• **Work required**
For this exercise, copy exactly only the lines from the one containing "Alleloory Tortoise Acetate" to the final line of the material below, without the pictures.

• **Recorded information**
════════

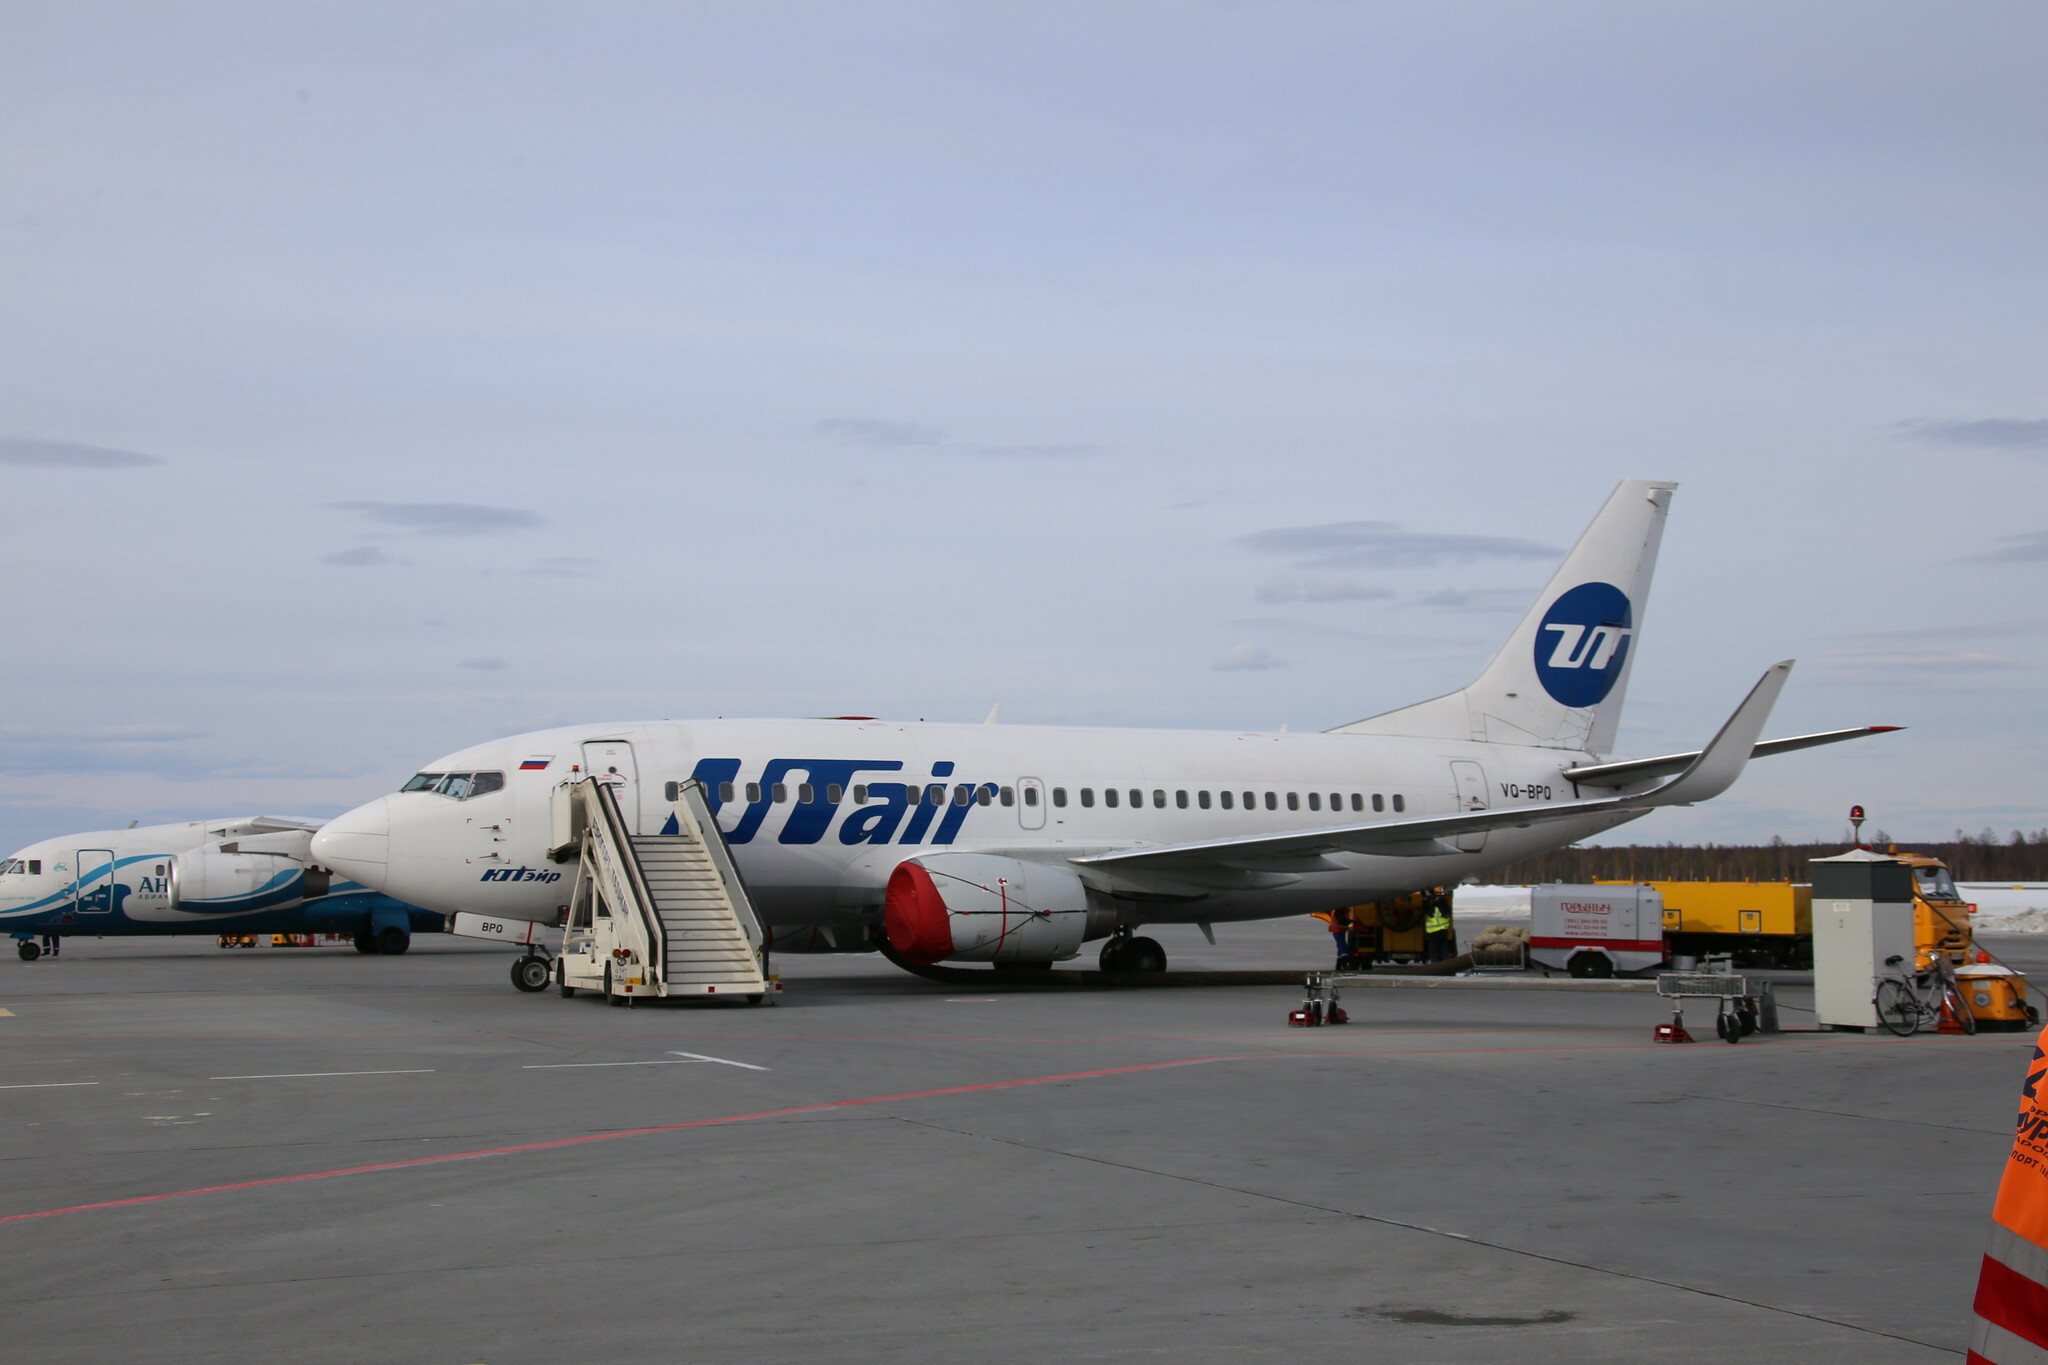 Авиакомпания Utair запустила новые рейсы в зимний период
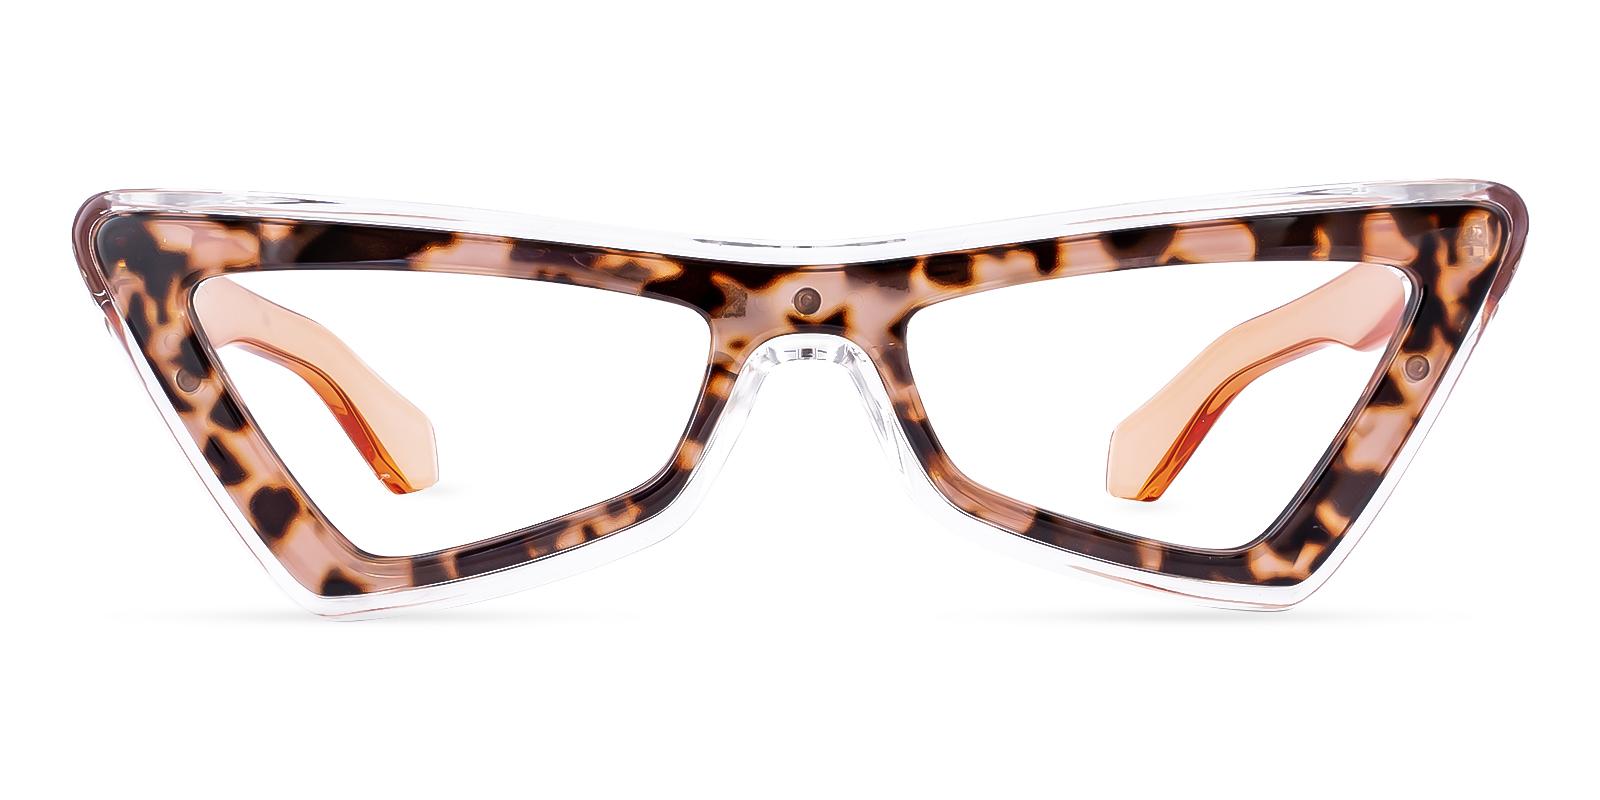 Alleloory Tortoise Acetate Eyeglasses , UniversalBridgeFit Frames from ABBE Glasses
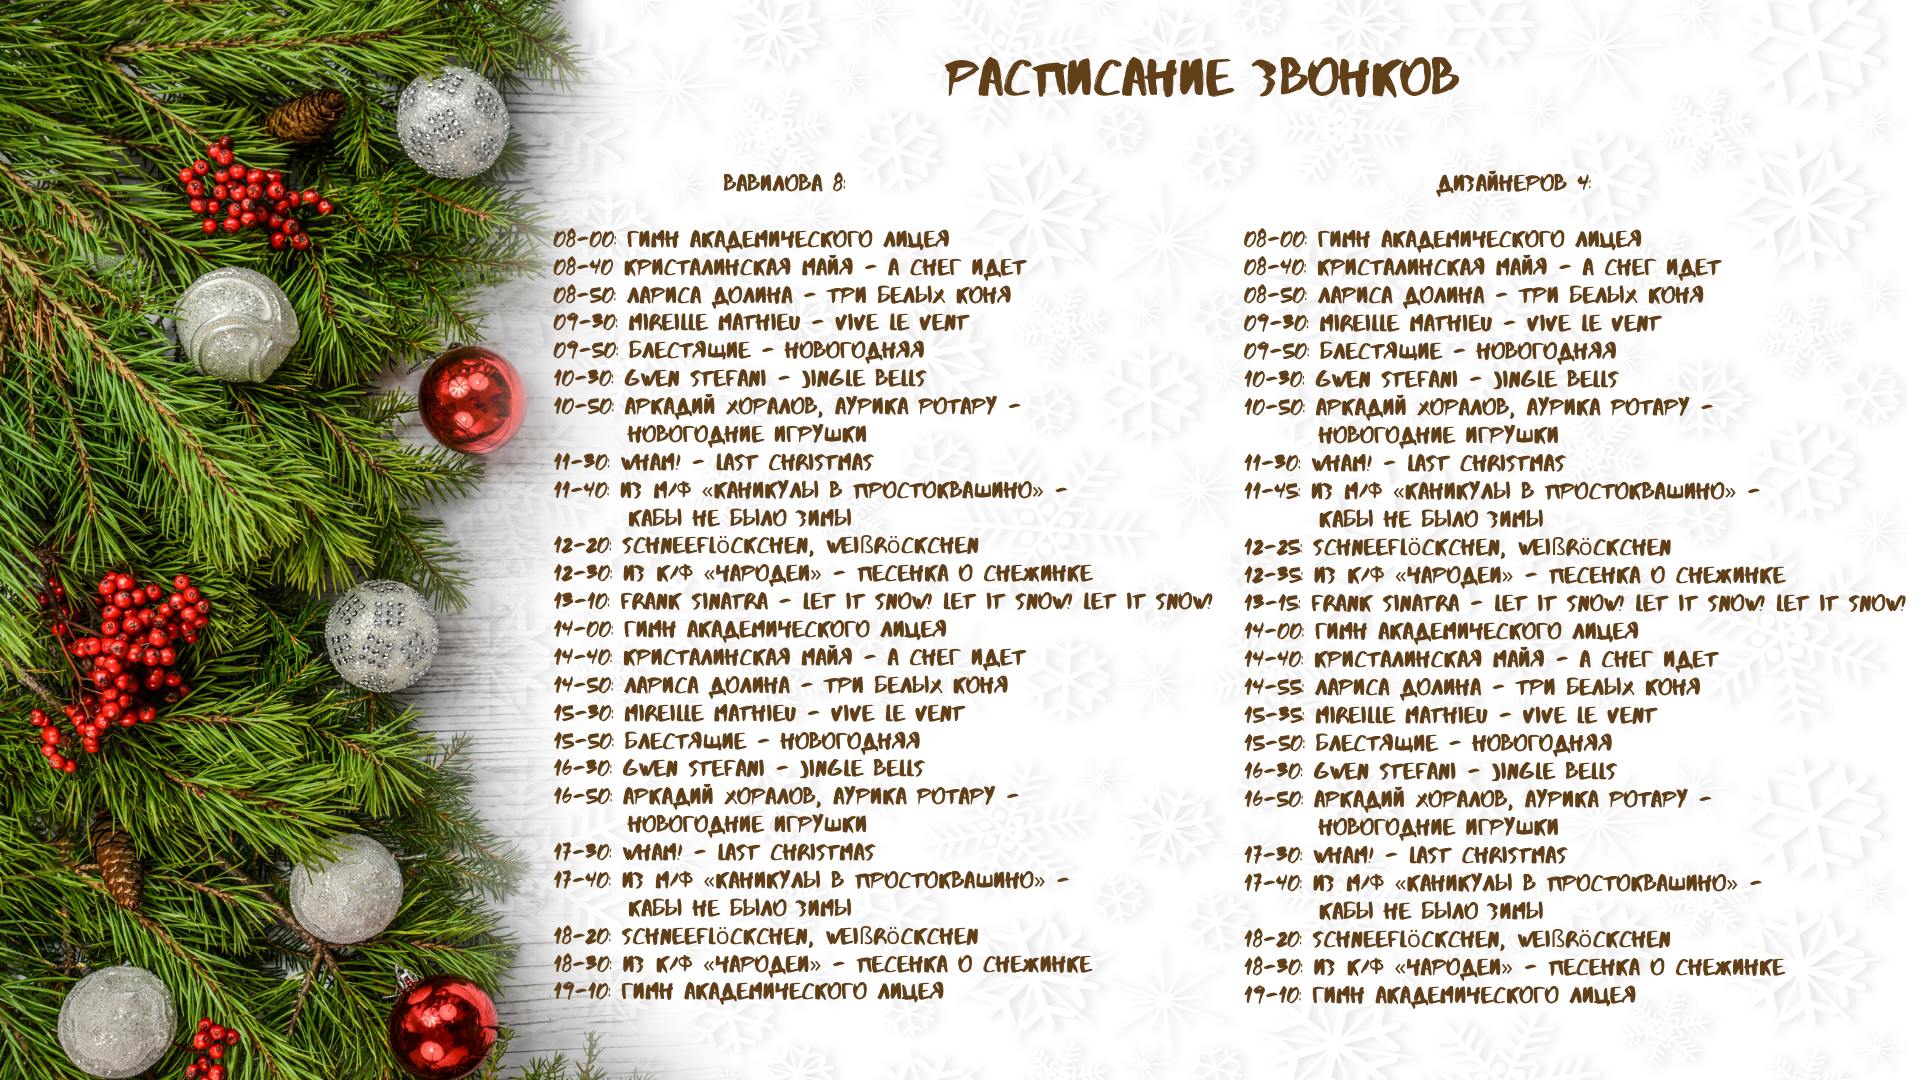 Новогодние песни список. Список песен про новый год. Новогодние песни список русские. Текст песни новый год.

════════

• **Problem solution**
 Alleloory Tortoise Acetate Eyeglasses , UniversalBridgeFit Frames from ABBE Glasses
 Новогодние песни список. Список песен про новый год. Новогодние песни список русские. Текст песни новый год.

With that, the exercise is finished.